Tax Planning
Navigating Australia’s 2026 CGT & Negative Gearing Reforms: What Investors Need to Know
Significant changes to negative gearing and the Capital Gains Tax (CGT) discount are coming in Australia from 1 July 2027. Here’s how these rules will impact you—and what you can do to prepare.
By NomadicTax Research Team • 5-8 min read • May 14, 2026
## Overview of the Reforms
As part of the 2026–27 Budget delivered 12 May 2026, the Australian government introduced major changes affecting **negative gearing**, **capital gains tax (CGT) discounts**, and the treatment of **discretionary trusts**. These changes primarily affect those with investment properties or those using trusts to minimise tax. ([pm.gov.au](https://www.pm.gov.au/media/tax-reform-workers-businesses-and-future-generations?utm_source=openai))
Key changes include:
- **Negative gearing restricted to *new builds*** from **1 July 2027**—existing investment properties remain unaffected if acquired before 12 May 2026. ([pm.gov.au](https://www.pm.gov.au/media/tax-reform-workers-businesses-and-future-generations?utm_source=openai))

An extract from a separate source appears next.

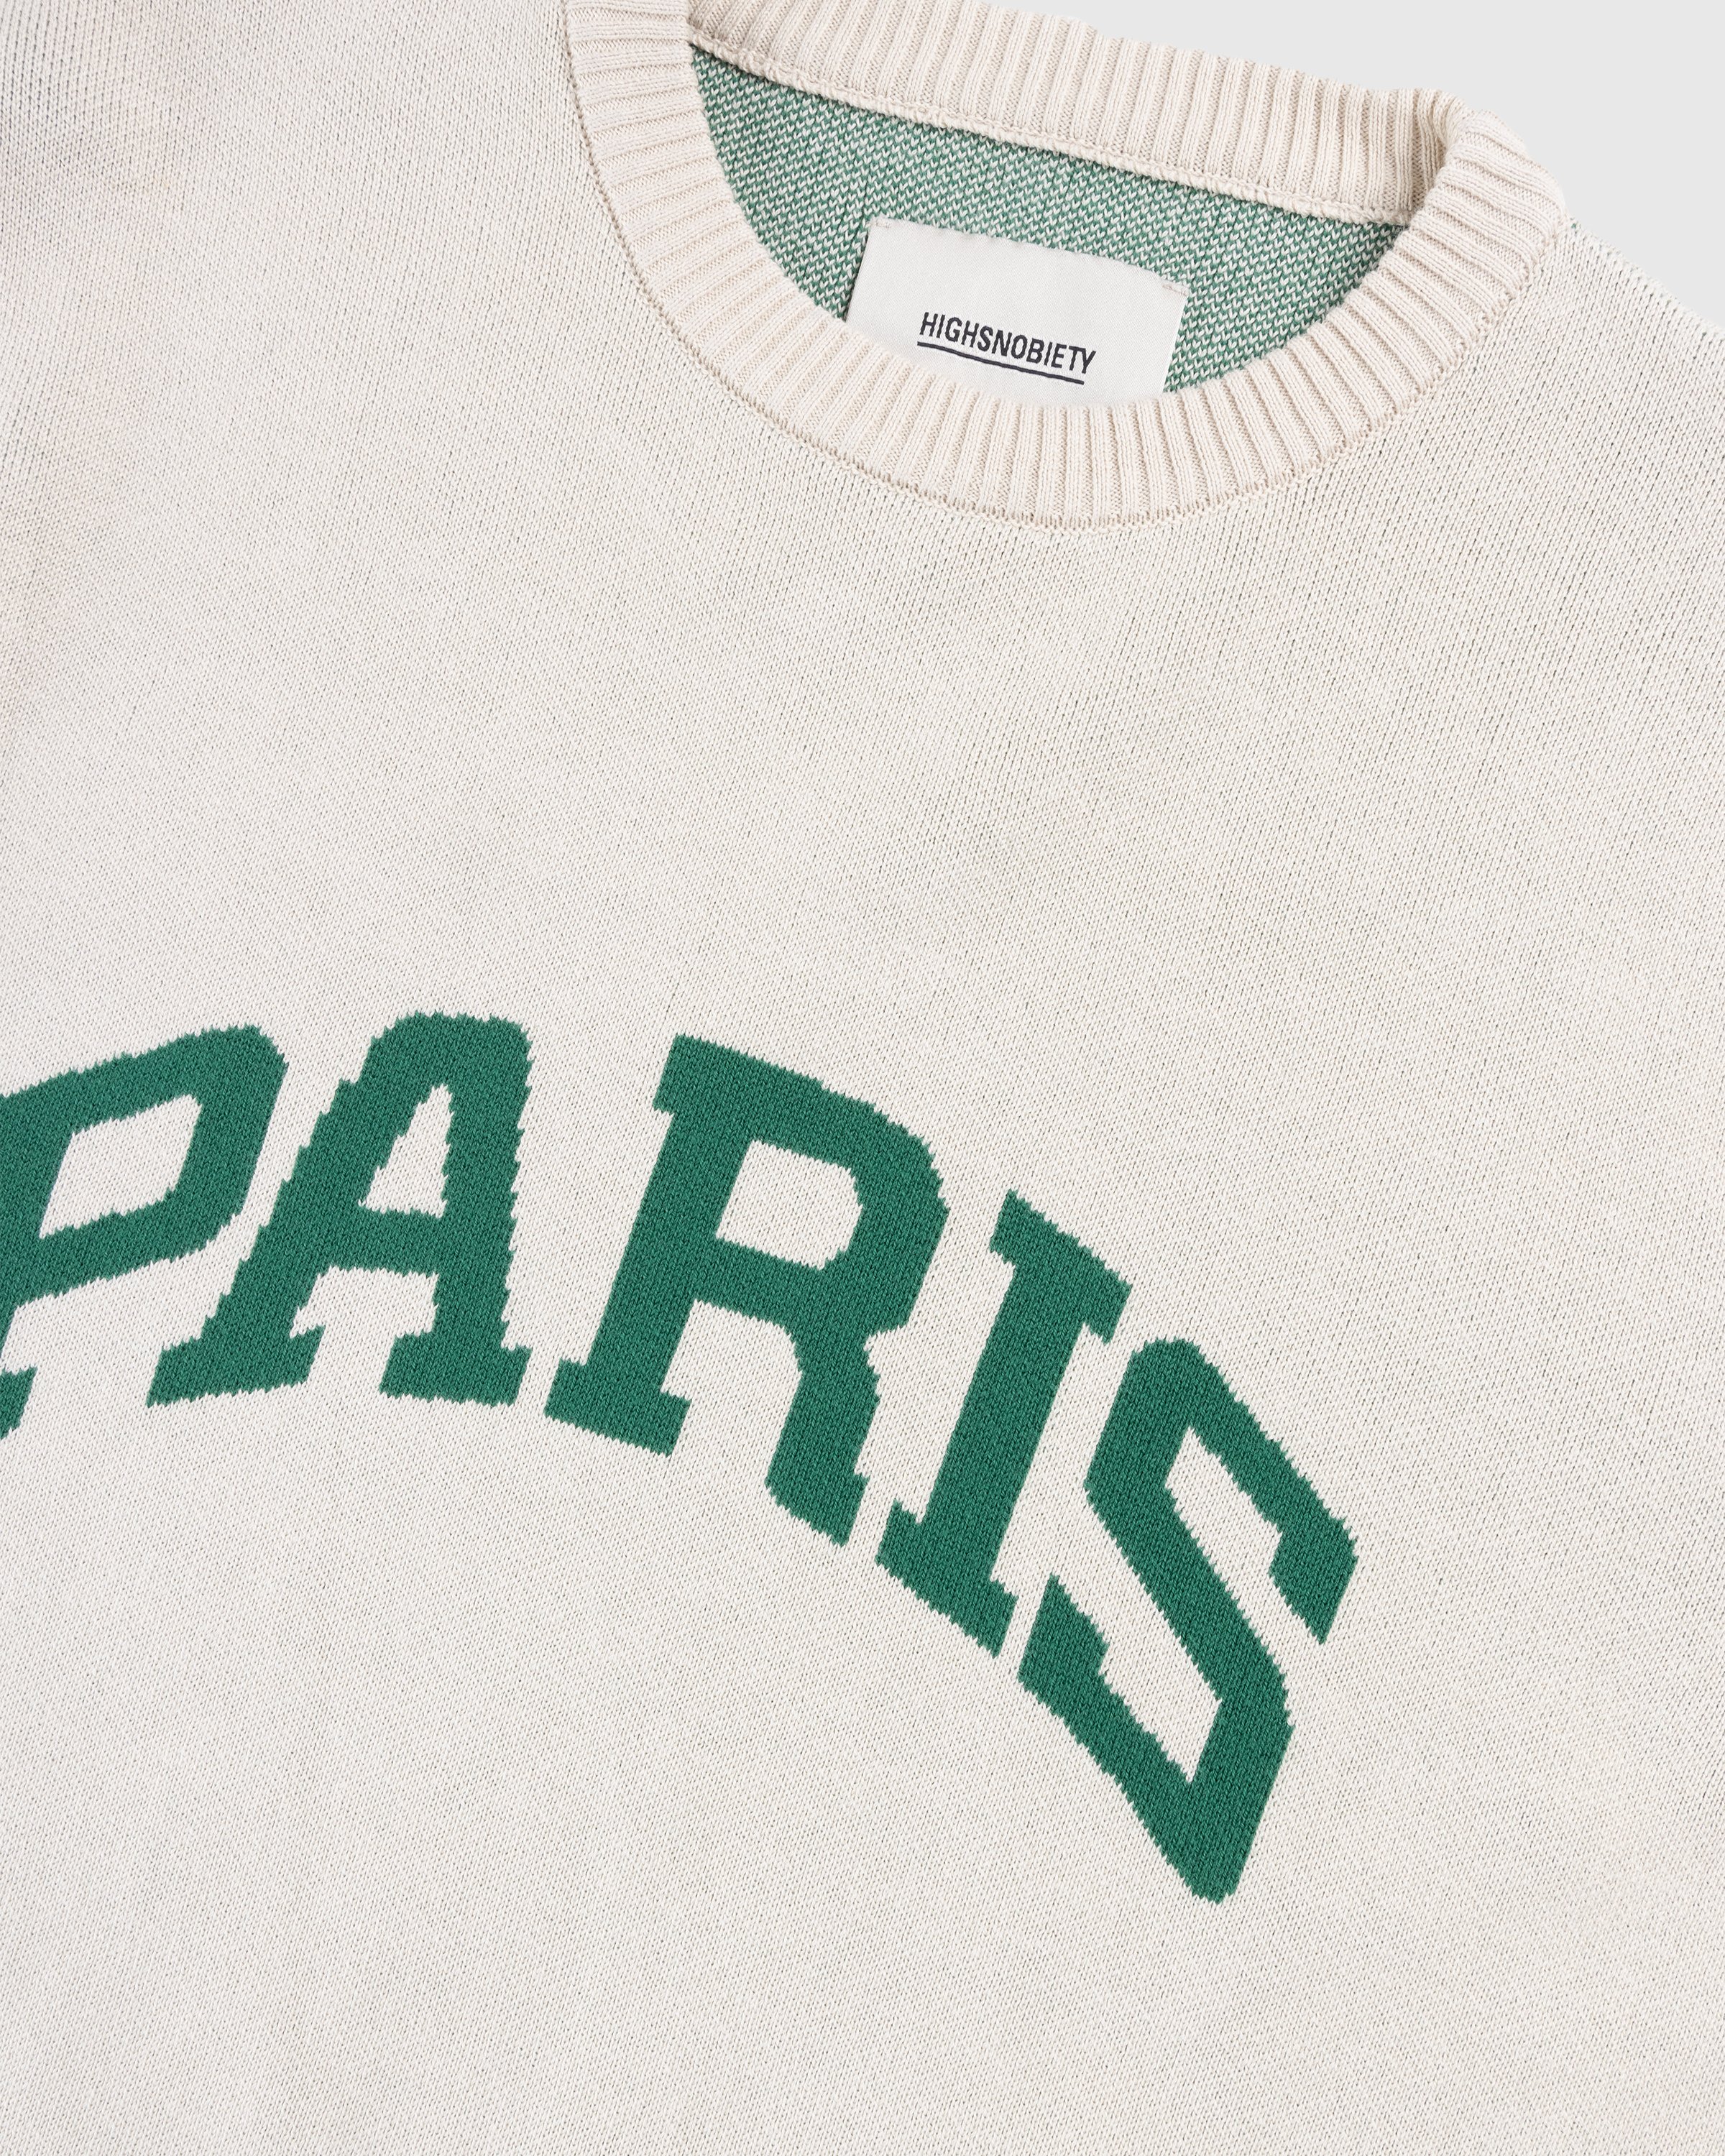 Highsnobiety - Not in Paris 5 Knitted Sweater - Clothing - Beige - Image 6

- The **50% CGT discount** (for individuals and trusts) will be replaced by **inflation-adjusted indexation plus a minimum 30% tax rate** on realised gains from **1 July 2027**. Existing investments get a choice (use old discount or new system). ([pm.gov.au](https://www.pm.gov.au/media/tax-reform-workers-businesses-and-future-generations?utm_source=openai))
- **Discretionary trusts** will face a minimum 30% tax rate on distributions from the **2028-29 financial year** onwards, aligning treatment with ordinary income rules. ([pm.gov.au](https://www.pm.gov.au/media/tax-reform-workers-businesses-and-future-generations?utm_source=openai))
## Who Is Affected
These changes impact:
- Rental property investors looking to negative gear newer builds.
- Long-term investors holding assets for CGT but expecting the 50% discount.
- Families or entities using discretionary trusts for income splitting or tax planning.
- Those investing in property, shares or other appreciating assets expecting lower capital gains tax bills.
## Practical Strategies to Prepare
- **Review your investment mix now**: If you're considering negative gearing, acquire qualifying new builds before 1 July 2027 or assess expected returns under the new CGT indexation system.
- **Realise gains before 1 July 2027** (if advantageous): For investments where you expect large gains, selling before the reforms take effect may let you retain the 50% CGT discount. Do the math including transaction costs and tax implications.
- **Trust restructure evaluation**: Discretionary trust distributions will be taxed at 30% minimum. Consider changing trustee arrangements, distributing income earlier or converting trusts to companies if suitable.
- **Stay informed about new builds vs existing properties**: Negative gearing is preserved for existing investments but limited to **new builds** after 1 July 2027 only. Ensure you understand what qualifies.
## Example Case
**Case of Property Investor A**:
- Bought an existing property in 2022. Under the reforms, still fully eligible for negative gearing after 2027.
- Owns a property acquired in 2028: only interest and losses on that asset may be deducted if it is a **new build**. If it’s an older build, the negative gearing benefits disappear.
- Plans to sell a share investment in 2026 with expected large gains: selling before 1 July 2027 allows use of 50% CGT discount. After that, gains taxed using indexation with minimum of 30%.
## Action Plan
| Task | Suggested Timing |
|------|------------------|
| Audit your investment property portfolio | Immediately |
| Decide whether to realise gains before the reforms take effect | By mid-2027 |
| Consult with your tax adviser on trust distributions | 2026–27 year |
| Track spending & financing costs carefully for indexed CGT basis | Ongoing |
These reforms are amongst the most sweeping changes in Australian tax policy in decades—especially affecting wealth and property. Proper planning will help you manage risks and secure the best outcomes.